I’m sick of going looking for this information across the web when I need it. So I’m putting it all together in one place. This is for my own use, but you’re welcome to reference it as well, if you find it useful. Just so it’s been said: the canonical online reference (IMO) is the Mozilla Developer Network, aka MDN.
Creating Arrays
Two ways of creating empty arrays:
var arr1 = new Array(); var arr2 = [];
You can also create them with elements (i.e. not so empty):
var arr1 = new Array('elem 1', 'elem 2', 'elem 3'); var arr2 = ['elem 1', 'elem 2', 'elem 3'];
And you can create them with a specified number of undefined elements:
var arr1 = new Array(3); // [undefined, undefined, undefined] var arr2 = [3]; // ***not the same: [3]

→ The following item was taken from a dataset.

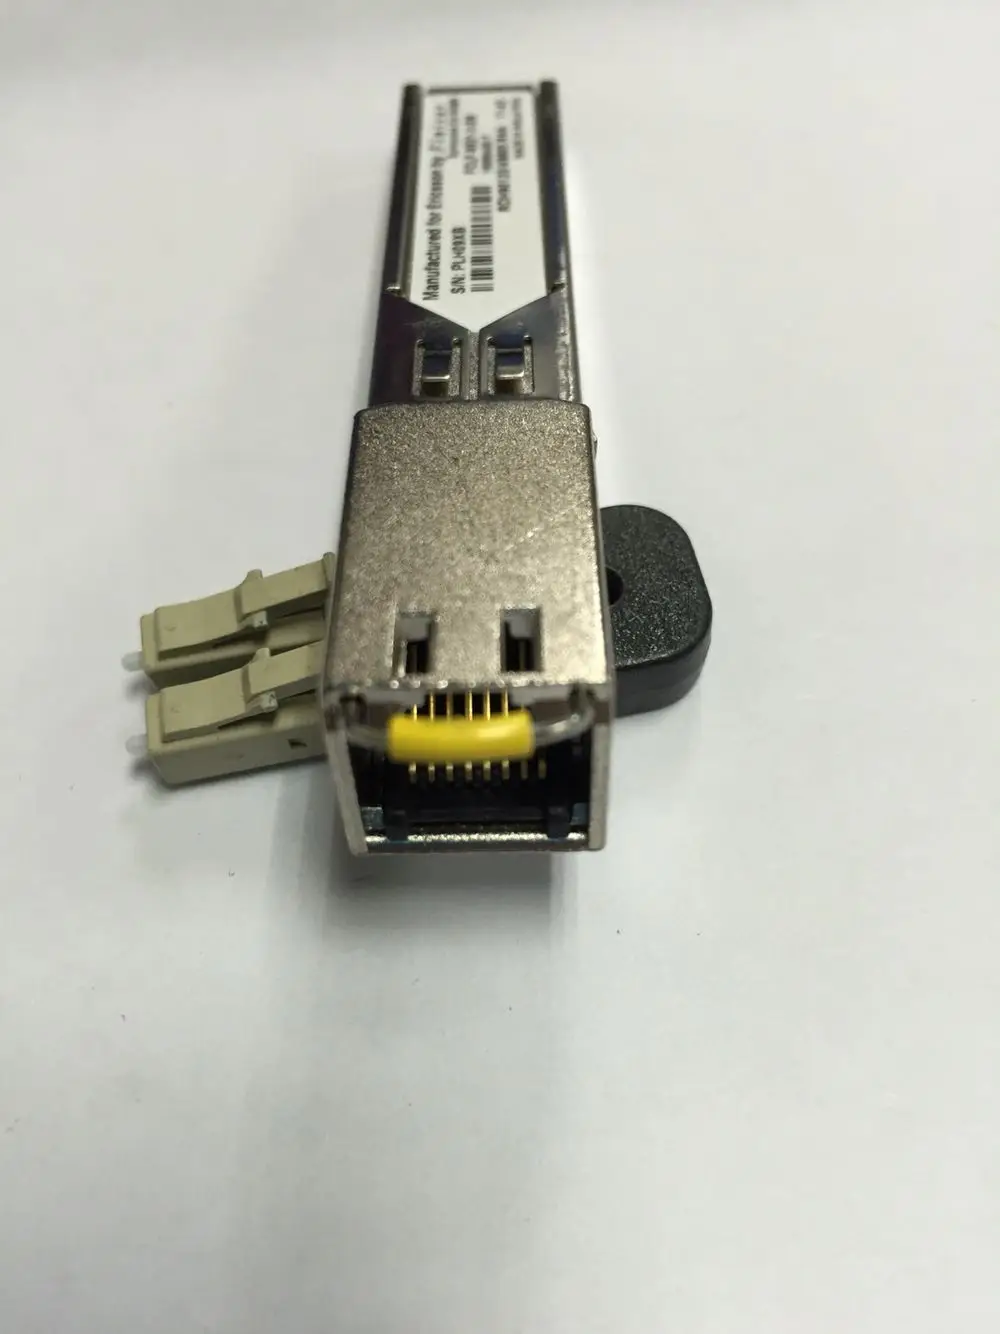 

Manufactured for Ericsson by Finisar FCLF-8521-3-ER 1000BASE-T RDH90120/49800 R4A RJ45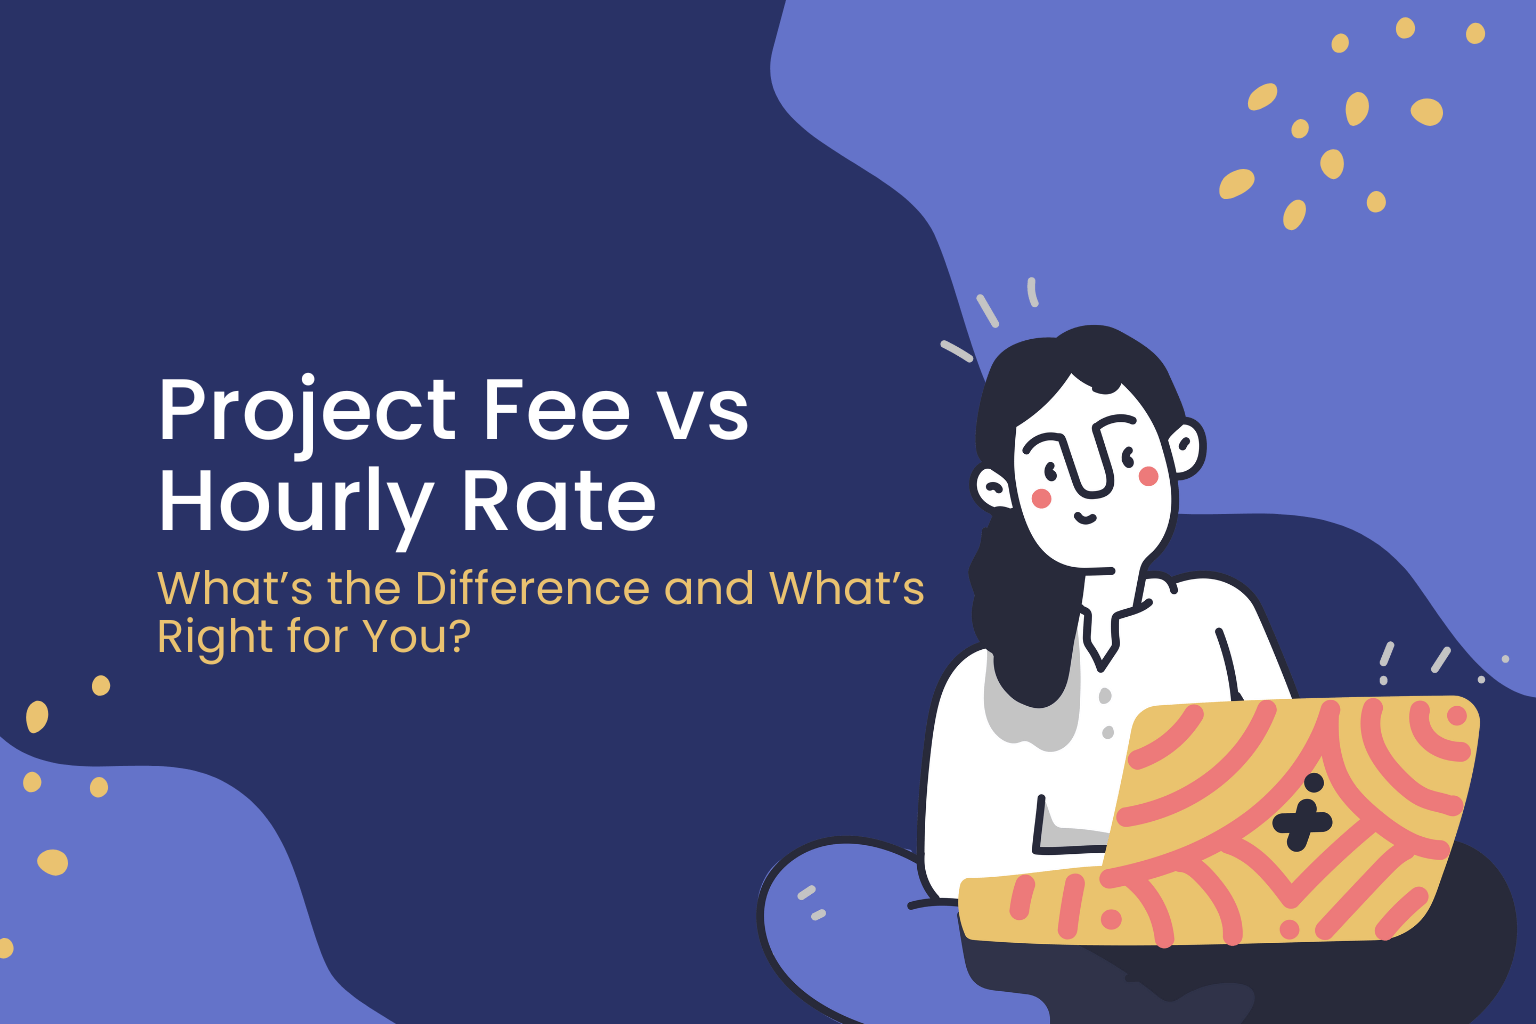 Project Fee vs Hourly Rate – What’s the Difference and What’s Right for You?

Adding Elements To An Array
You can add elements to an array:
arr1[0] = 1; // [1] arr1[1] = 2; // [1, 2] arr1[2] = 3; // [1, 2, 3] arr1[5] = 4; // [1, 2, 3, undefined, undefined, 4]
This method is a little messy because you must remember the index.
JavaScript allows you to add elements without remembering the index.
arr1.push(1); // [1] arr1.push(2); // [1, 2] arr1.push(3); // [1, 2, 3]
Look Ma! No undefined elements!
Array.push() allows you to add elements to the end of the array. Array.unshift() is a way to add elements to the beginning of your array:
arr1.unshift(1); // [1] arr1.unshift(2); // [2, 1] arr1.unshift(3); // [3, 2, 1] arr1.unshift(5, 4); // [5, 4, 3, 2, 1]
Array Length
Easy-peasy: length is a property of the Array object. So you use like so:
var arr1 = [1, 2, 3, 4]; arr1.length; // 4
More To Come
That’s enough for today. But I’ll be adding more soon.